= Task prompt =
Produce an exact transcription of the data, with the images left out.
[Given data Boundary: Start]
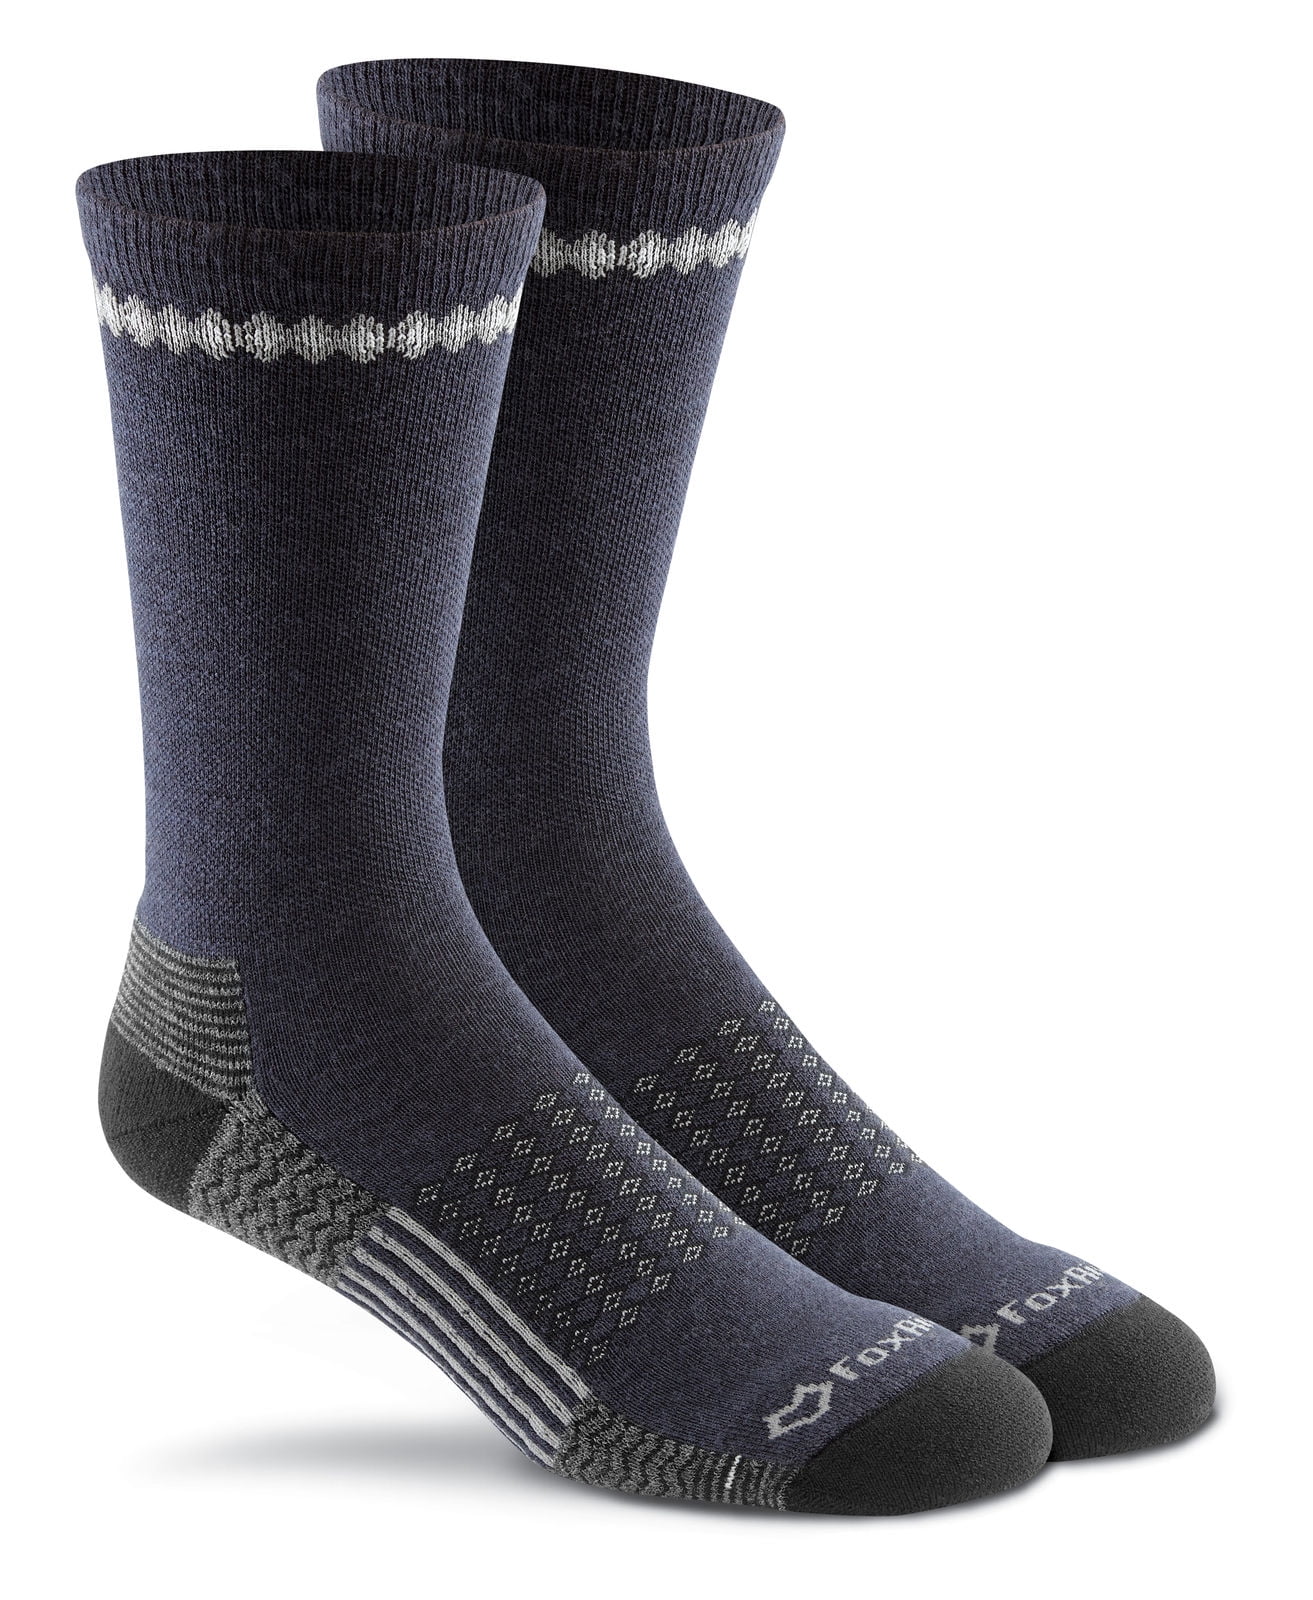 Fox River Men Reinforced Toe casual socks - Walmart.com
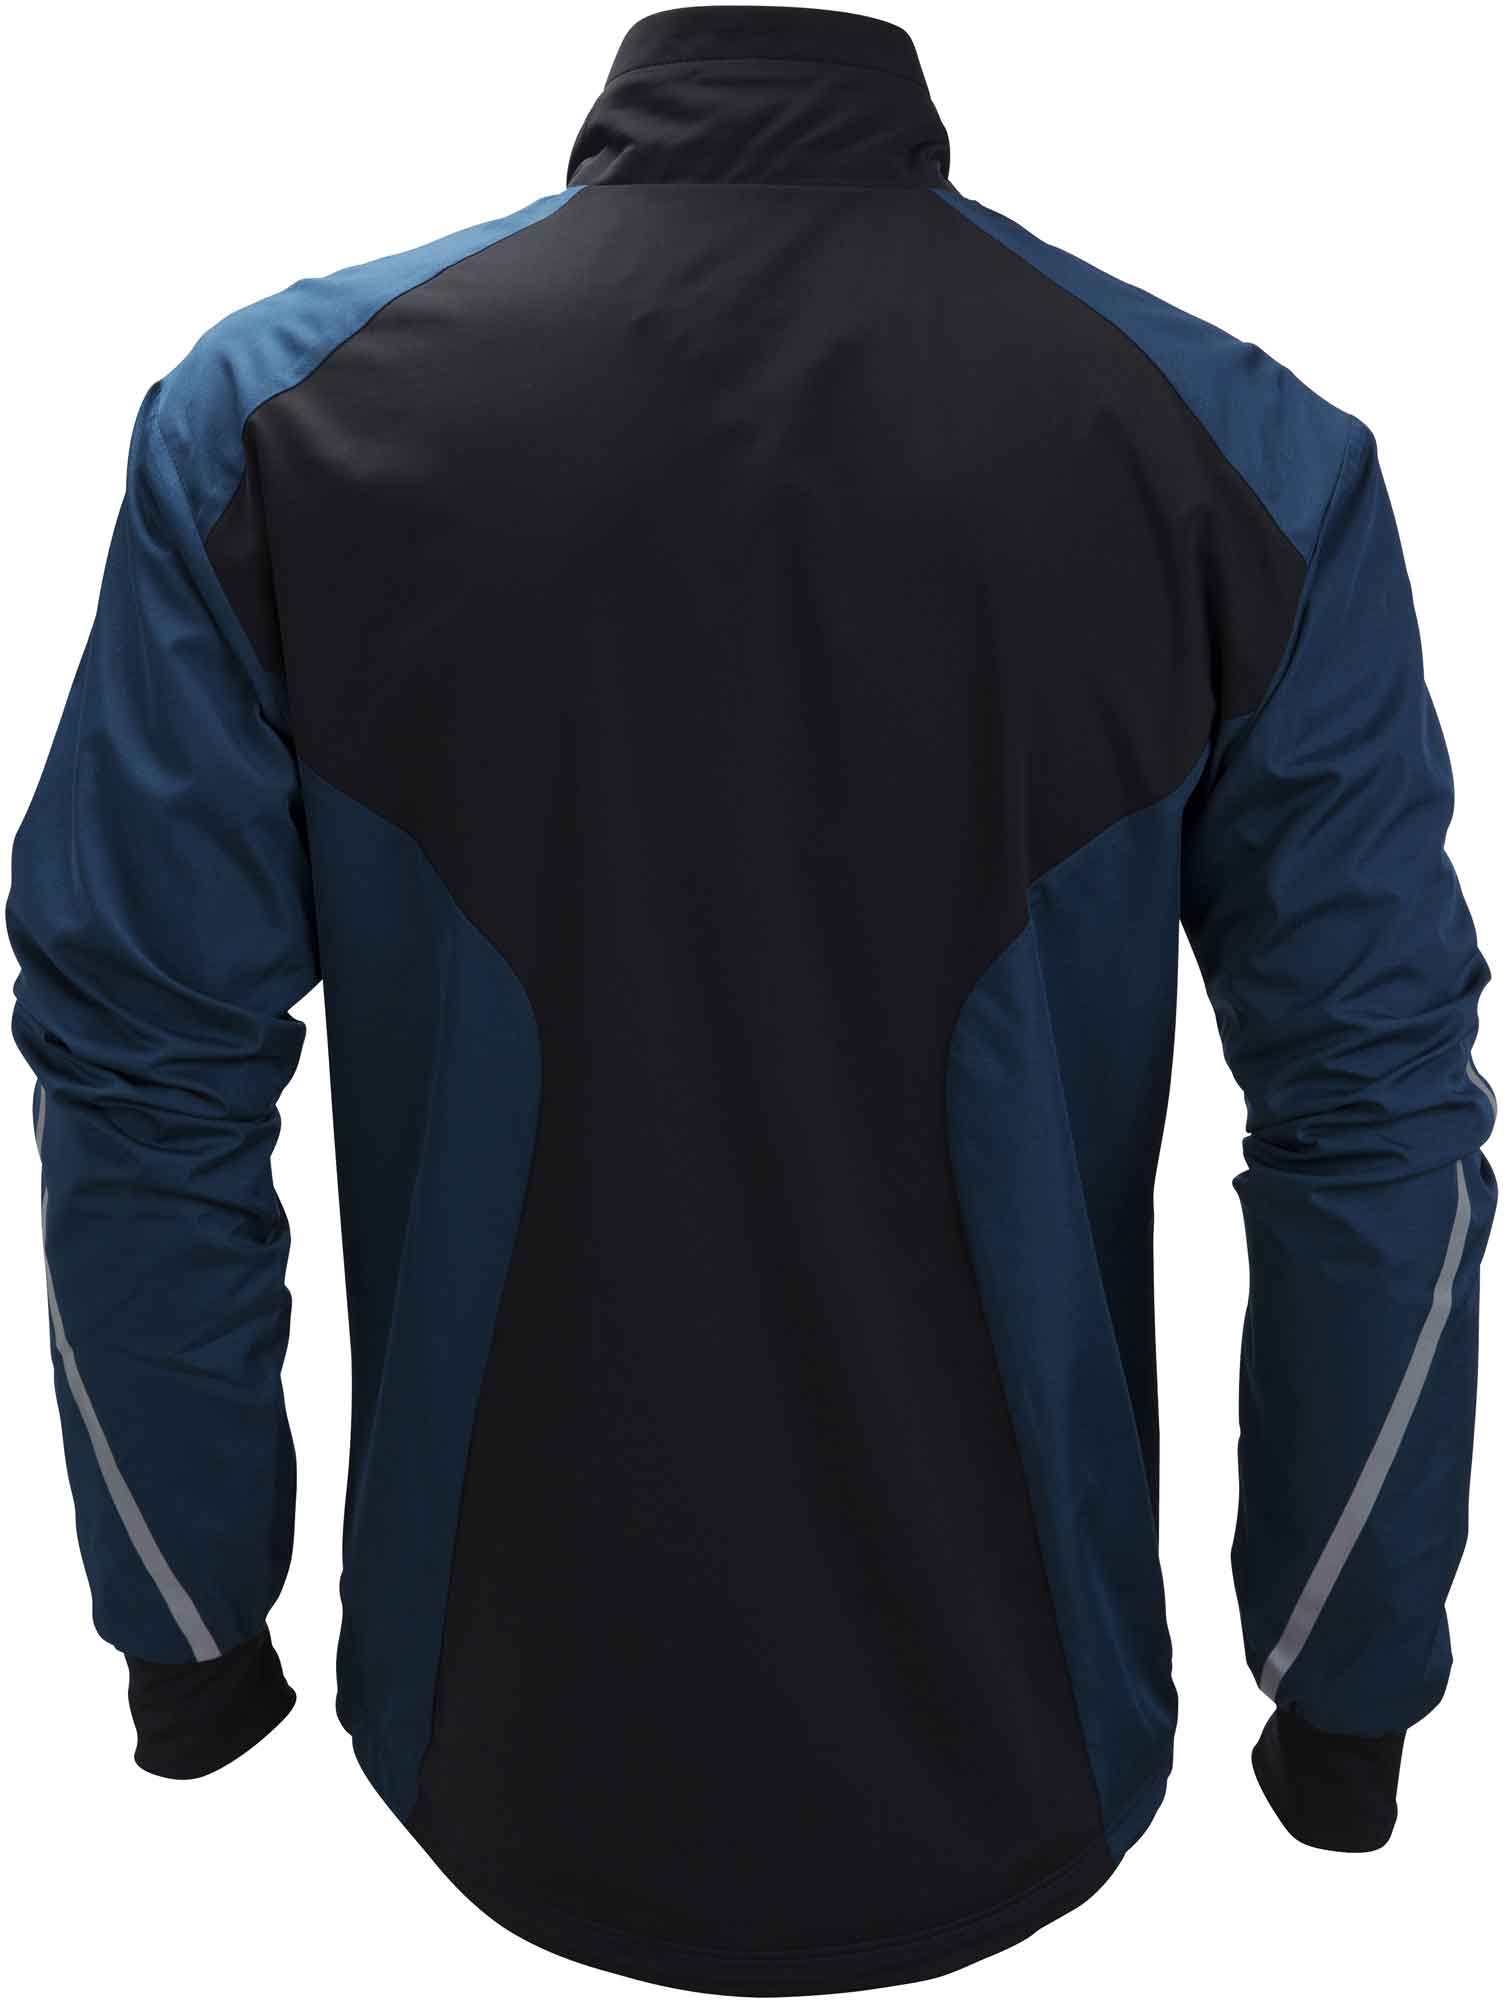 Men's multisport jacket
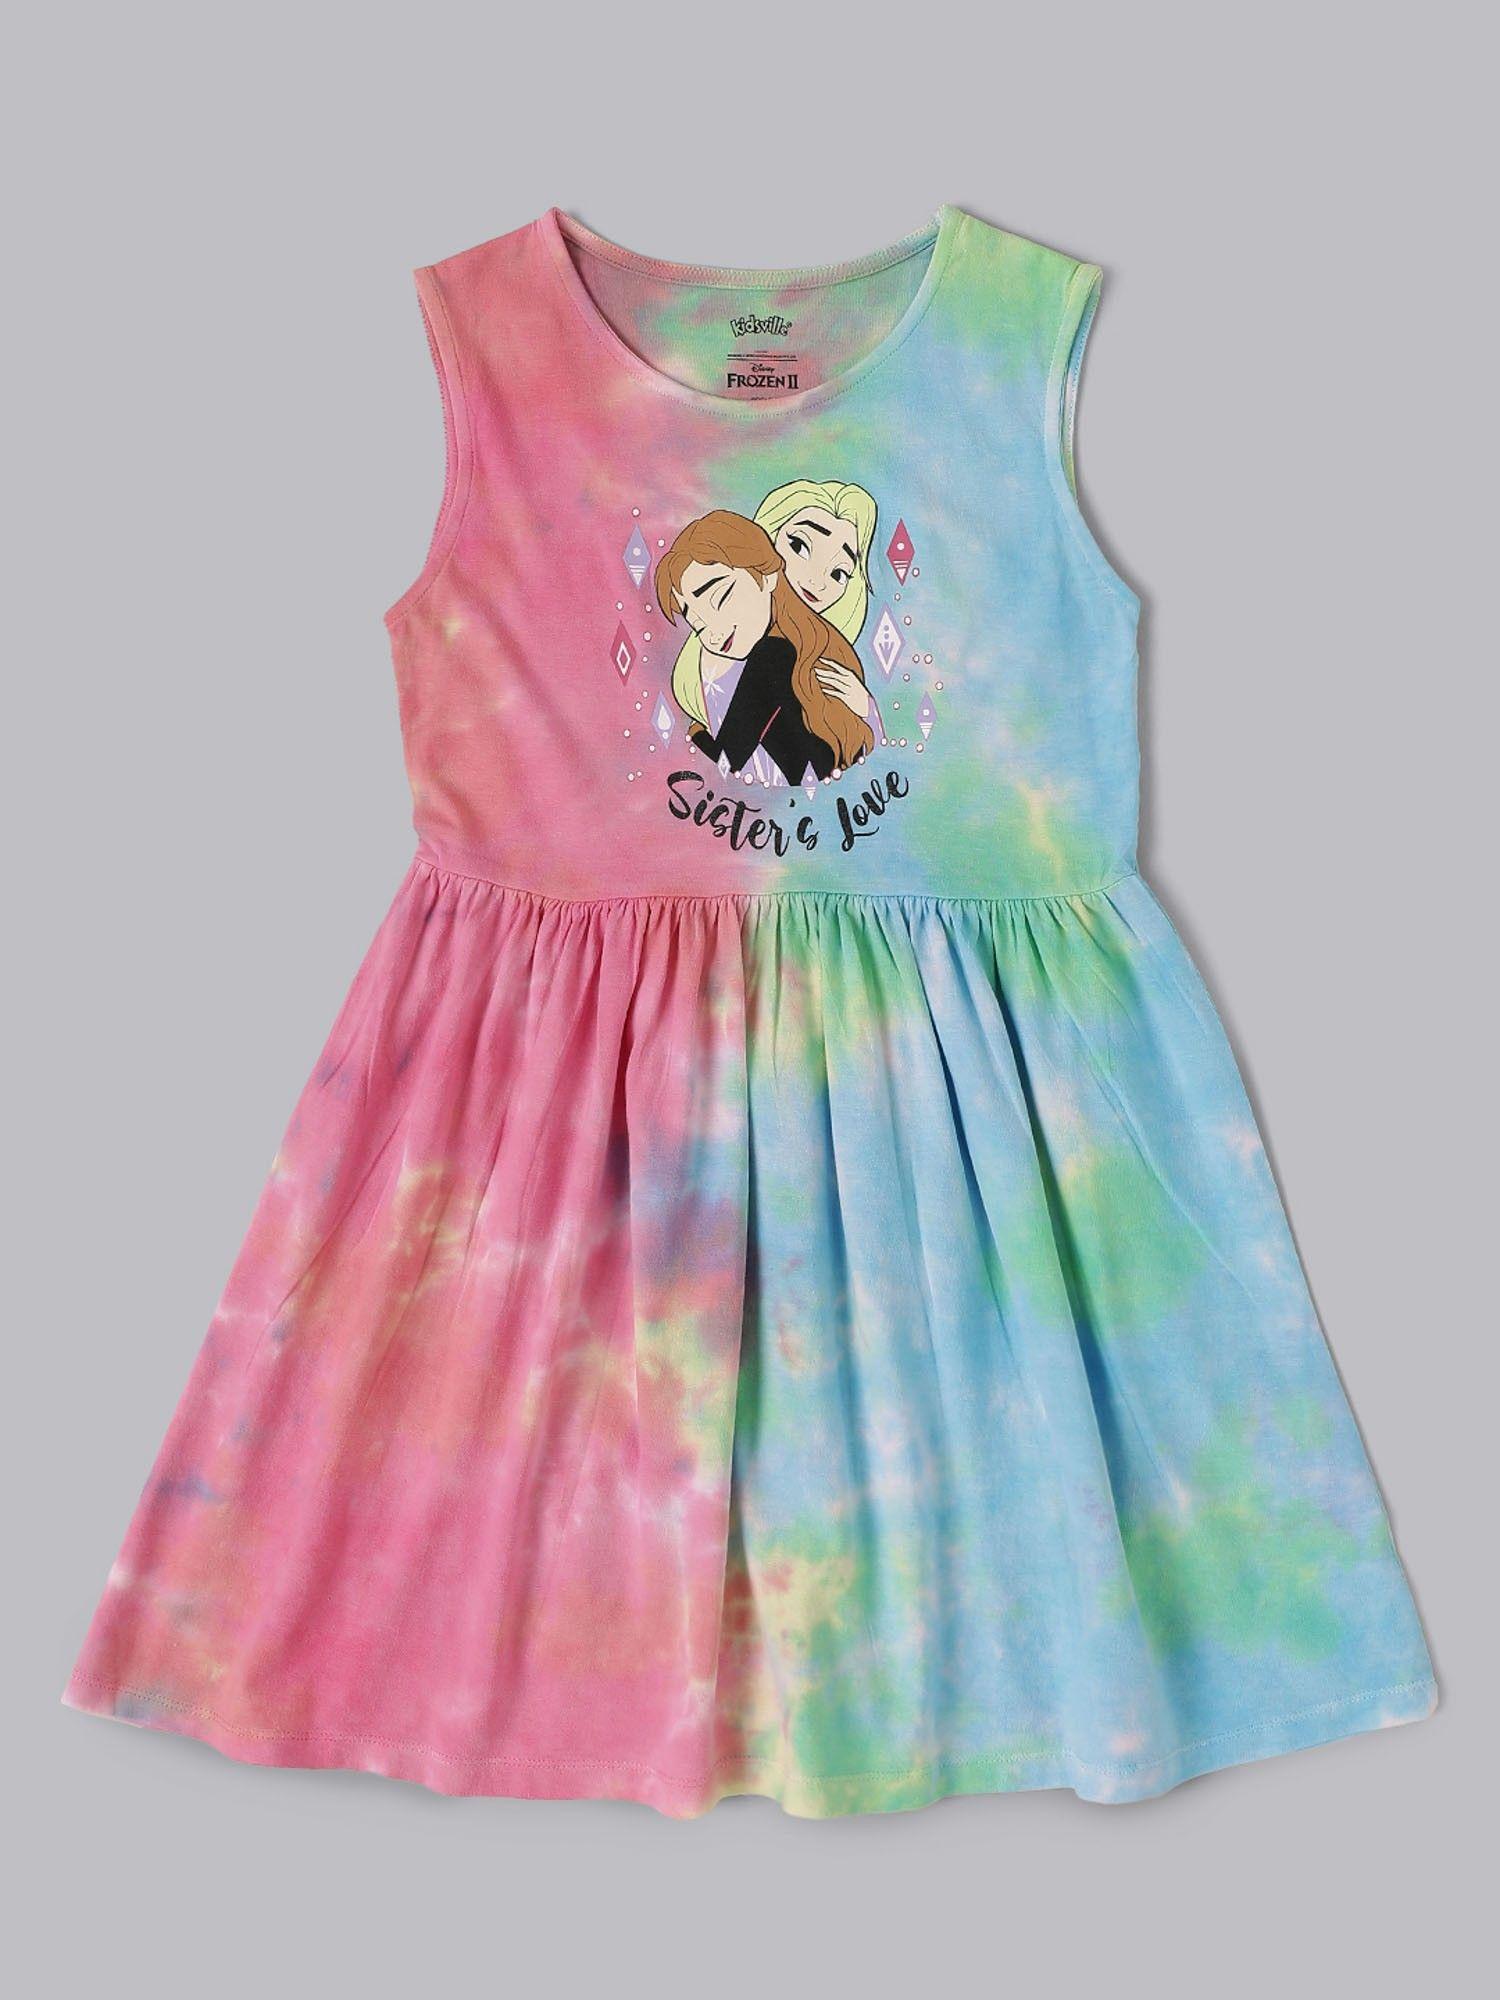 frozen printed dress for kids girls
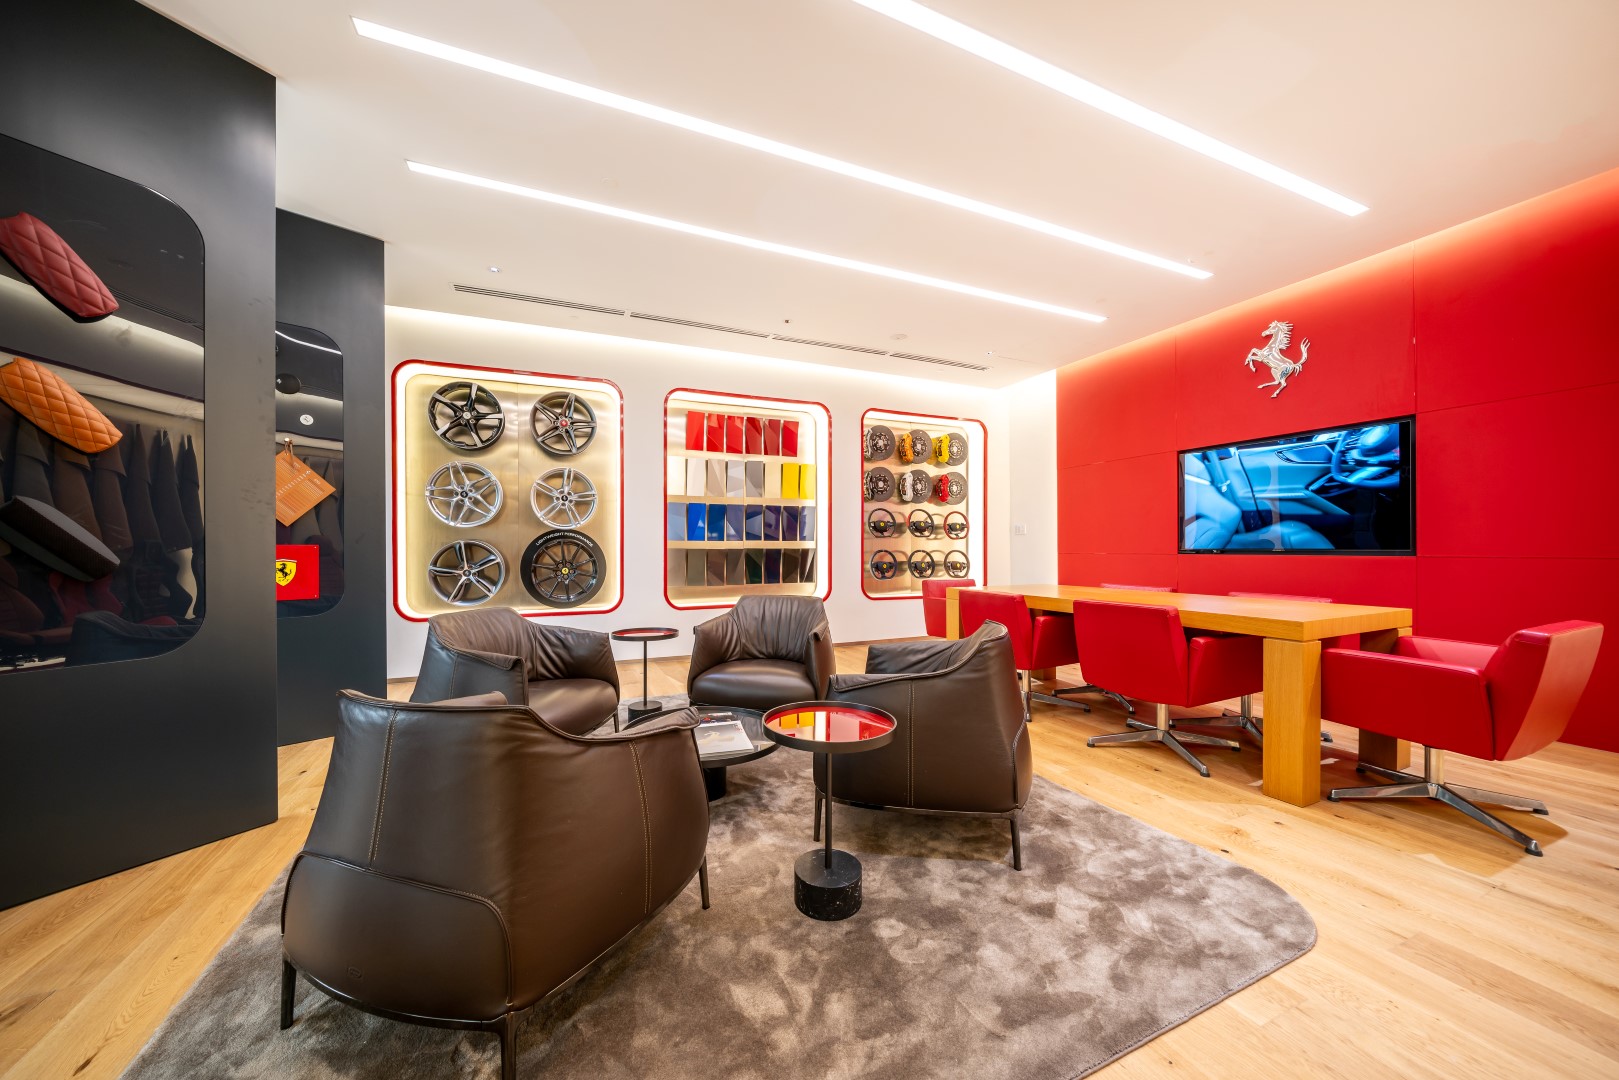 Ferrari opens new showroom next to KLCC
[Given data Boundary: End]
= Output for this task =
 Fox River Men Reinforced Toe casual socks - Walmart.com
 Men's multisport jacket
 frozen printed dress for kids girls
 Ferrari opens new showroom next to KLCC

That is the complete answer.